Received: 5 May 2013

Accepted: 8 October 2013

Published: 18 November 2013

Abstract

Background

Although identification of the target mRNAs of micro RNAs (miRNAs) is essential to understanding their function, the low complementarity between miRNAs and their target mRNAs has complicated this process. In this study, we sought to identify miRNAs which reduce the expression of the transcription factor Zeb-2, a transcriptional repressor of E-cadherin which is known to be down regulated by members of the miR-200 family (miR-200a,b,c miR-429, and miR-141).

Findings

We first used a computational target predicting system to identify 82 candidate miRNAs which bound the 3′UTR region of the Zeb-2 mRNA. Of these 82 miRNAs, precursors for 51 were available in our miRNA precursor library. Pre-miR™ Precursor Molecules for these 51 miRNAs were co-transfected into NIH3T3 cells with a luciferase reporter vector containing the 3′UTR region of the Zeb-2 mRNA. Seven miRNAs (miR-141, mi-183, miR-200a, miR-200b, miR-200c, miR-429 and miR-666-5p) were shown to down-regulate luciferase activity and Western blotting analysis confirmed that Pre-miR™ Precursor Molecules for these seven miRNAs induced expression of E-cadherin and miScript target protector against miR-183 and miR-666-5p abrogated this effect. Moreover, an Anti-miR™ miRNA Inhibitor targeting miR-183 and miR-666-5p repressed expression of E-cadherin.

Conclusions

We have established a method to identify miRNAs that bind the 3′UTR region of the Zeb-2 mRNA and that induce expression of E-cadherin, possibly by down-regulating the expression of Zeb-2. Our method may be more widely applicable for identifying miRNAs that bind target mRNA 3′UTR regions and down-regulate the expression of proteins encoded by these mRNAs.

Background

MicroRNAs (miRNAs) are 22-nucleotide (nt) endogenous non-coding RNAs that exhibit a high degree of structural and functional conservation throughout different species. miRNAs are initially synthesized as long primary transcripts that are subsequently processed into -70-nt stem-loop pre-microRNAs by Drosha endonucleasae [1] and transported out of the nucleus by exportin 5 [2]. Dicer then processes these pre-microRNA in the cytoplasm to yield the -22-nt mature miRNAs [3]. Binding of miRNA to target mRNAs with perfect or near perfect complementarity has been shown to induce mRNA degradation, whereas imperfect complementarity reportedly induces translational regression. In this context, 7–8 nt sequence at the 5′ end of the miRNA sequence, known as the seed sequence, is known to be critical for efficient targeting.

miRNAs have been implicated in regulating complex physiological processes such as embryogenesis [4], organ development [5], and oncogenesis [6, 7], and we have recently demonstrated their role in the pathology of kidney diseases [8]. To date over 2000 miRNAs have been identified in human, although the functional roles of the vast majority remain unknown.
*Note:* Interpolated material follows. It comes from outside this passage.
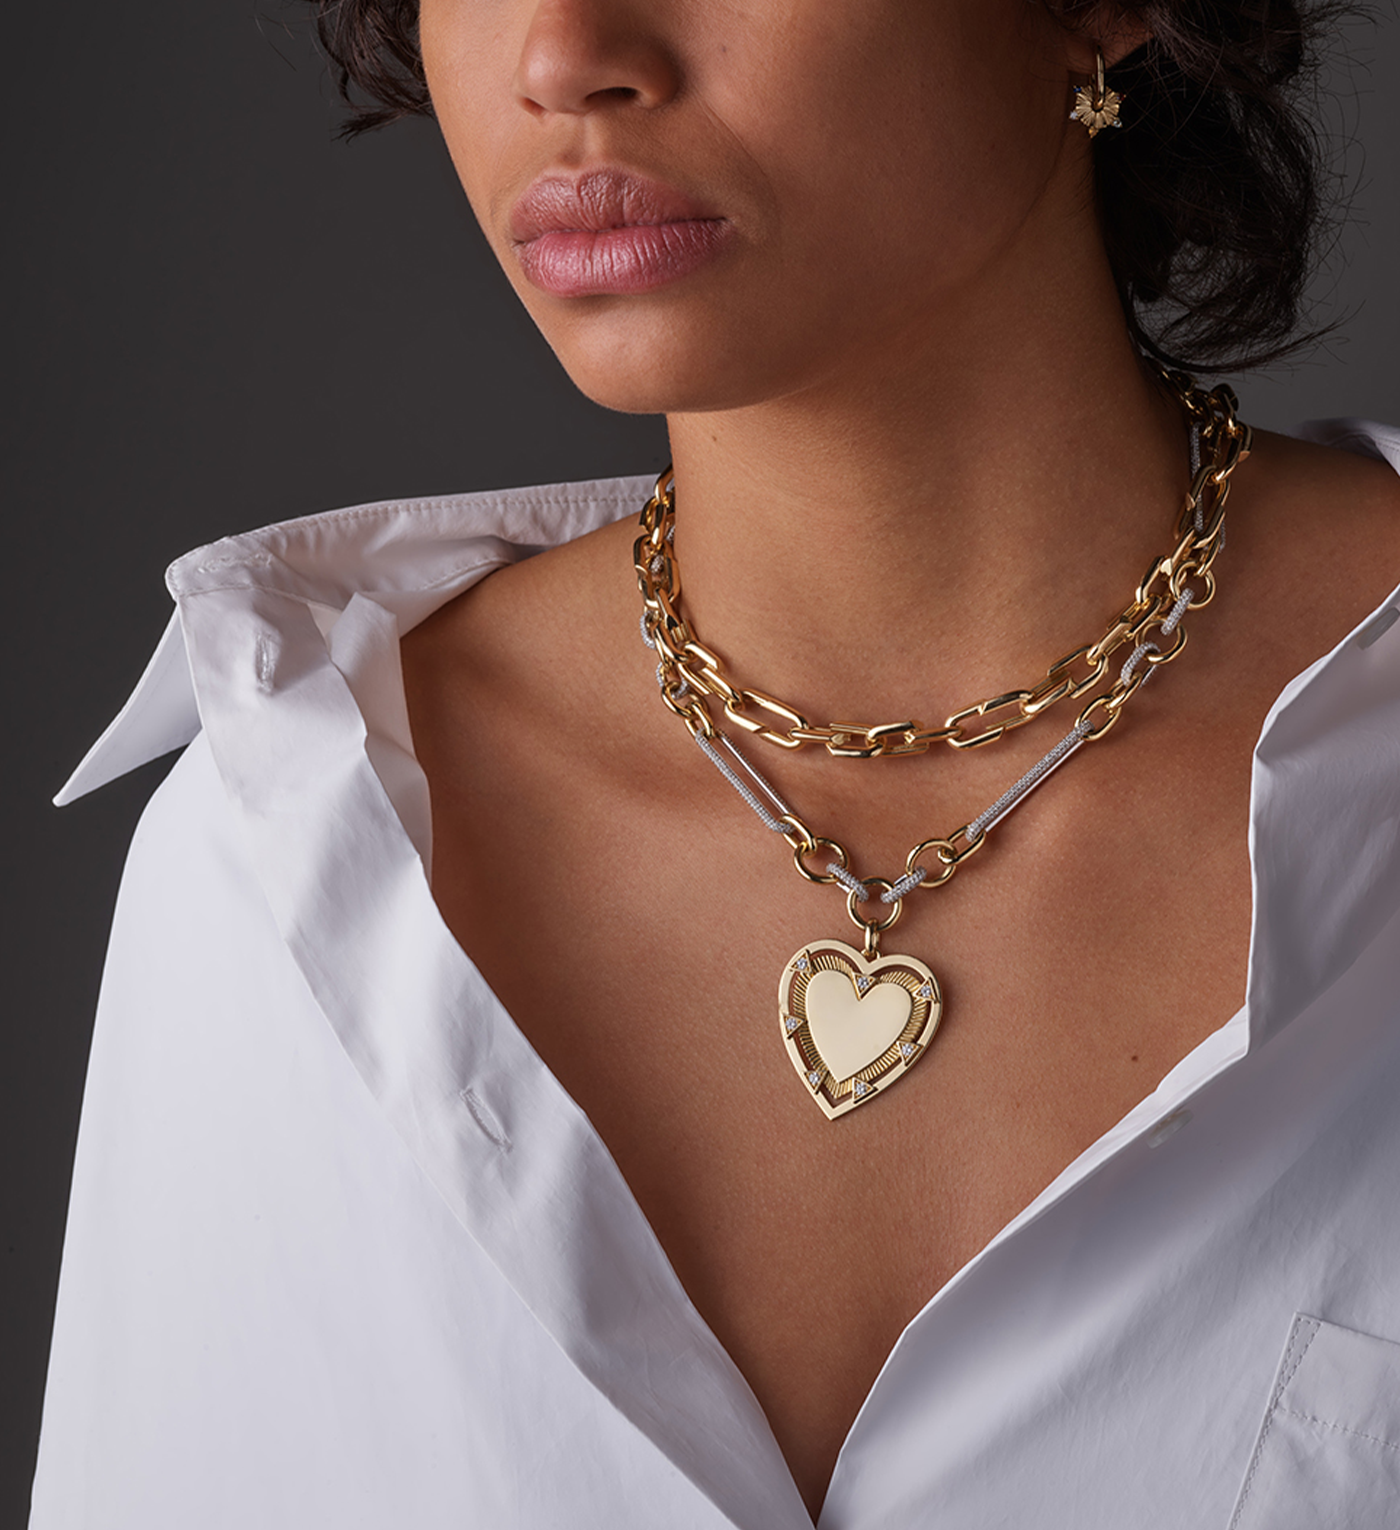 Medium Strong Hearts Love Link Chain Necklace

Whereas identifying the target mRNAs of miRNAs is essential to understanding their biological roles, this has proven difficult due to the imperfect complementarily between miRNAs and their target mRNAs. cA recently described method for identifying miRNA target mRNAs using exogenously tagged Ago2 [9] has proven effective, but has a complicated protocol and carries a high rate of identification of artifactual mRNAs such as mitochondrial mRNAs. Other approaches have used microarray analysis to identify miRNAs targeting disease-related proteins. Global expression profiling of cancer cell lines overexpressing miR-16, for example, identified 27 candidate targets of this miRNA, of which three (MAP7, PRDM44 and CDS2) were experimentally validated [10]. In general however, such methods have proven unreliable for detection of disease-related miRNA target genes. Here, we set out to establish a reliable method for identifying miRNAs which down-regulate the expression of a specific target protein.
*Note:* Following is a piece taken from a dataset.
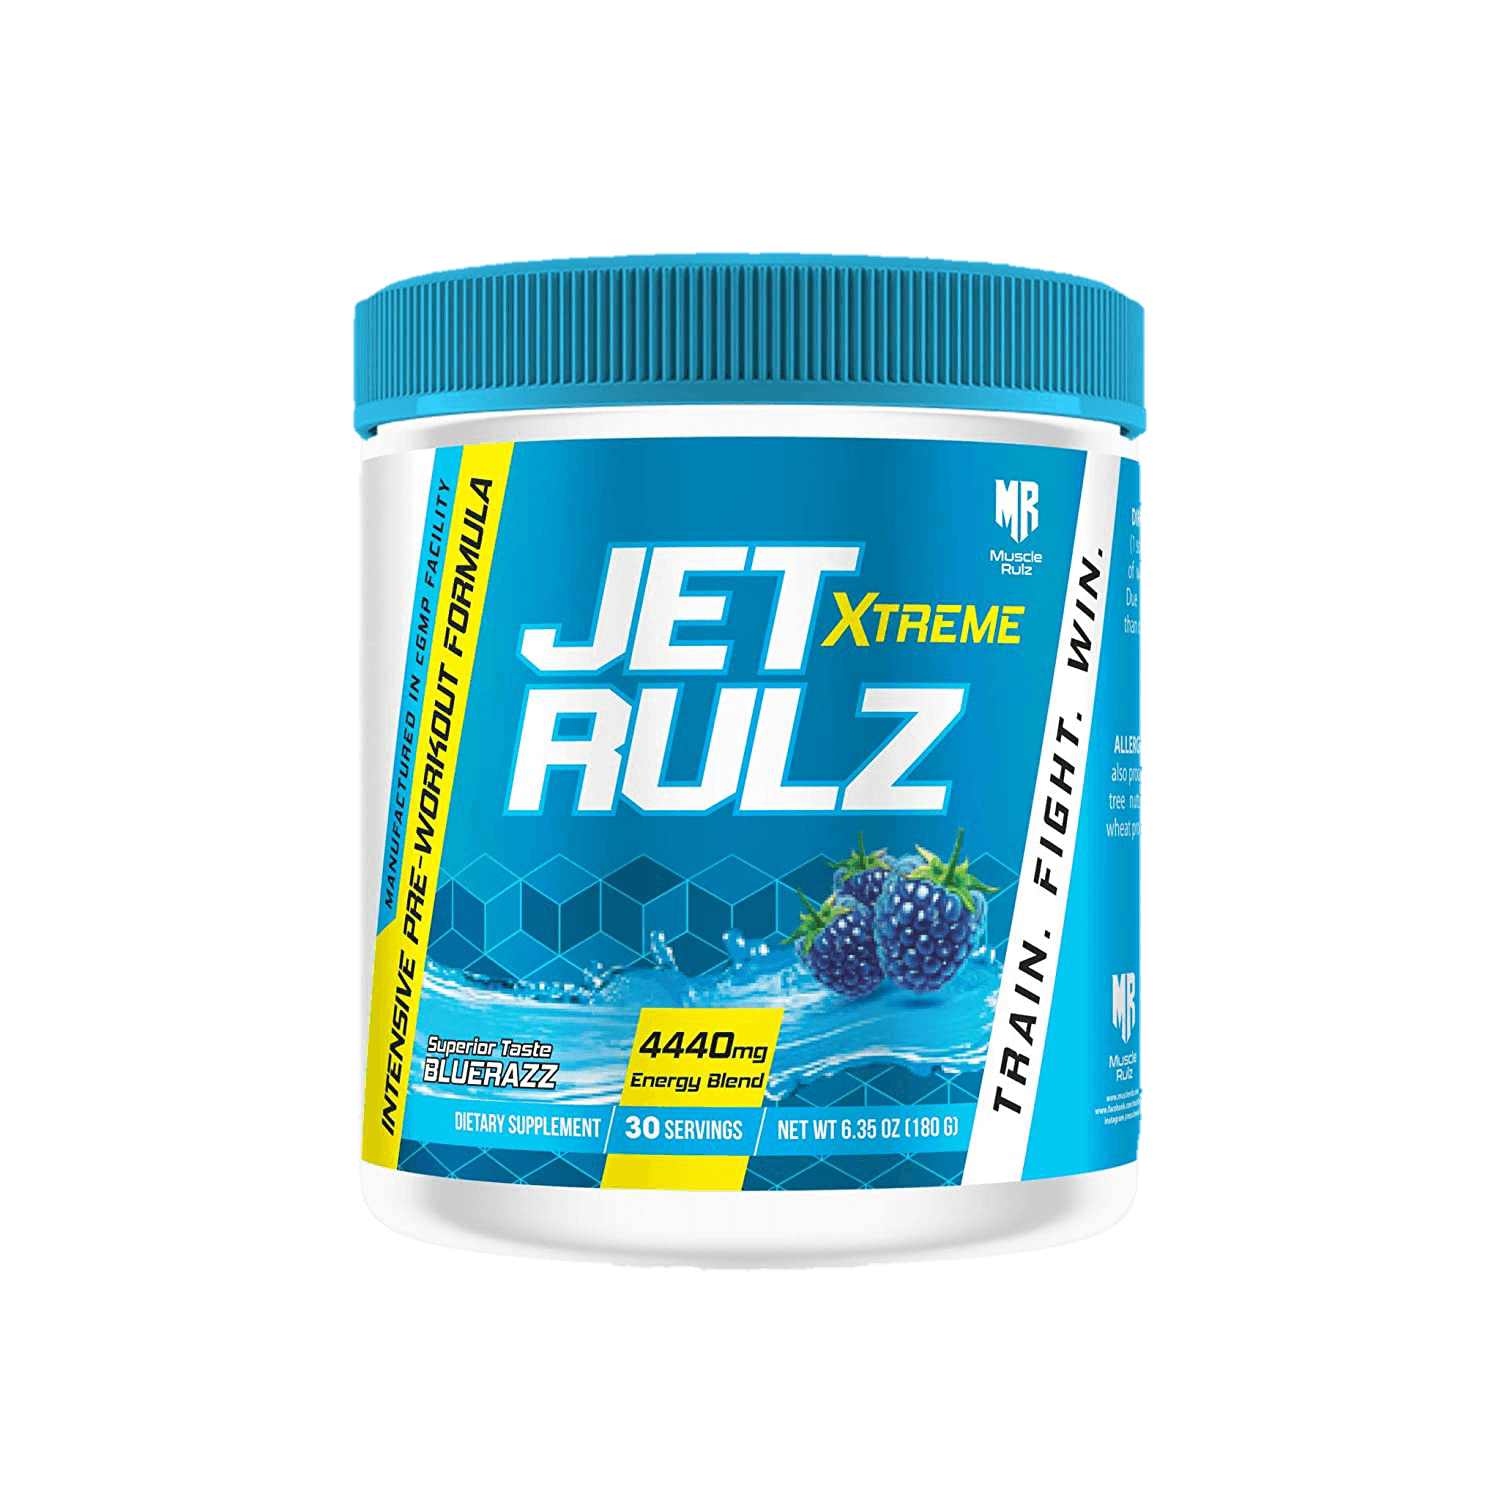 Jet Rulz Extreme - The Supplements Factory

Many miRNAs have been shown to bind to the 3′UTR region of their target mRNA. Previous studies have demonstrated miRNA-mediated repression of the translation of a luciferase reporter gene to which the 3′UTR coding region of the target mRNA has been spliced [11]. In this proof-of-principle study, we used a similar method to identify miRNAs which down-regulated expression of the E-box-binding zinc-finger transcription factor Zeb-2, which has previously been shown to be repressed by members of the miR-200 family (miR-200a,b,c miR-429, and miR-141) [1113].
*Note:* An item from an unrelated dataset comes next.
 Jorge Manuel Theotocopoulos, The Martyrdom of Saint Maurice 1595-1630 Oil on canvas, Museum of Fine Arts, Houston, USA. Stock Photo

We first established dual luciferase reporter vector containing the 3′UTR coding region of Zeb-2 mRNA spliced to the 3′ end of the luciferase coding region. We then transfected cultured cells with this reporter vector in 96-well plates and 48 hours later transfected cells with a series of miRNA precursors. Luciferase activity was assayed after 72 hours later to identify miRNAs which bound the 3′UTR of Zeb-2 and subsequently reduced luciferase expression. This method proved cumbersome however, prompting us to use a computational target predicting system to narrow down the number of screened miRNAs to a figure (<100 miRNAs) that was manageable, which a previous study had shown was likely to yield true functional miRNAs (data not shown). We anticipate that our new method will be valuable for future characterization of miRNA function.

Materials and methods

Prediction of miRNAs by computational target predicting system

To detect candidate miRNAs targeting Zeb2, we first evaluated a series of miRNA precursors. To narrow the screened miRNAs to below 100 miRNAs, we used a computational target predicting system (miRanda) containing updated sequences for all known miRNAs [1416]. Cutoff scores for selection of candidate miRNAs were < -20.0 for energy and >120 for binding.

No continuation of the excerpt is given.